Et puis, il y a, autour de tous ces tourments, cette obsession permanente pour la sexualité, crue, nue, sans poésie, sans états d'âmes, sans sentiments ni passion, sans véritable amour, juste afin d'assouvir pulsions physiques et fantasmes. J'ai trouvé ça glauque, vulgaire et laid... Et au final, quelle solitude et quelle tristesse...

Heureusement, il y a quand-même l'originalité de la construction, qui nous transporte progressivement dans le temps, de l'enfance du narrateur à la maturité de sa soixantaine, avec pour deuxième fil rouge, une thématique littéraire et théâtrale intéressante et très présente, habilement reliée au reste du roman, mais exigeant de solides connaissances de la part du lecteur.
Et là, j'ai dû faire preuve d'humilité face à mes souvenirs shakespeariens étiolés, qui ne m'ont certainement pas permis d'apprécier la totalité des parallèles établis entre les personnages des pièces et les soucis d'identité des acteurs.

Mais malgré les sujets sensibles abordés, malgré les drames et difficultés vécus par les différents protagonistes, j'ai manqué d'émotions, d'empathie, de ferveur.

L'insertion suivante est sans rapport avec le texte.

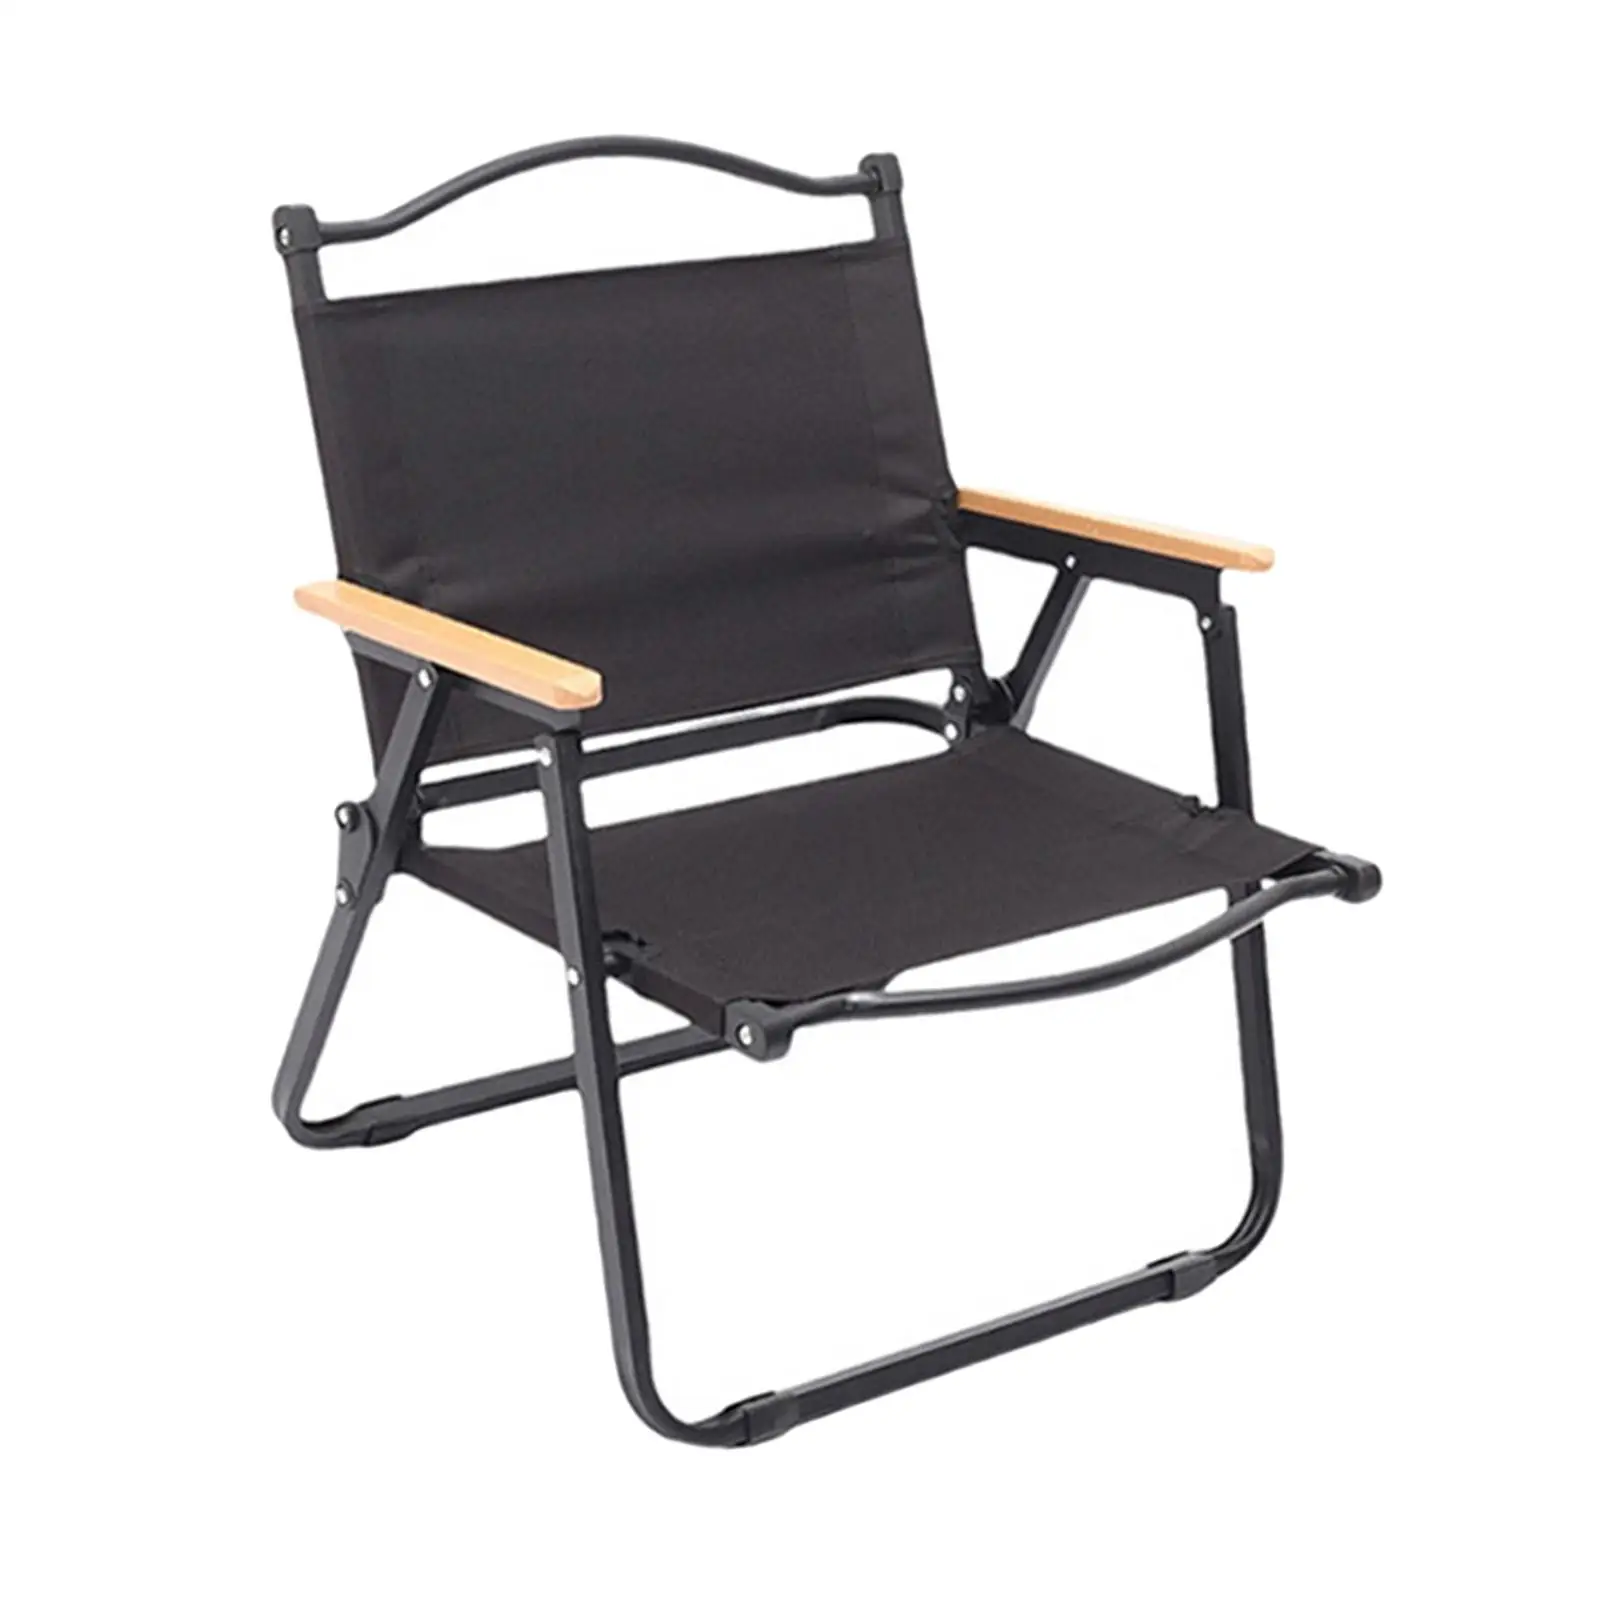 Camping Folding Chair Holds 500lbs Heavy Duty Outdoor Furniture for Lawn Beach Patio

Avec cette impression que le narrateur restait lui-même prisonnier dans sa propre vie, passablement indifférent et impassible aux événements extérieurs. Ce regard froid et caustique qu'il portait à lui-même et aux autres, telle une carapace, en était même assez perturbant, jusqu'à l'arrivée (dans les 200 dernières pages) des années 80, les fameuses "années Sida", avec leurs ravages, correspondant aussi à l'âge de la maturité pour Bill.
Là, j'ai enfin ressenti en même temps que lui, sa terreur, mêlée de chagrin et d'incompréhension, son sentiment d'injustice, toujours bizarrement accompagnés d'une sorte de mise en retrait désabusée, mi lâche, mi fuyante.

Cette dernière partie, effroyable et pourtant davantage posée et très bien documentée, apporte un équilibre appréciable à l'ensemble du roman et me permet de pondérer mon premier ressenti à cette lecture si originale, que je suis donc satisfaite d'avoir finalement menée à terme.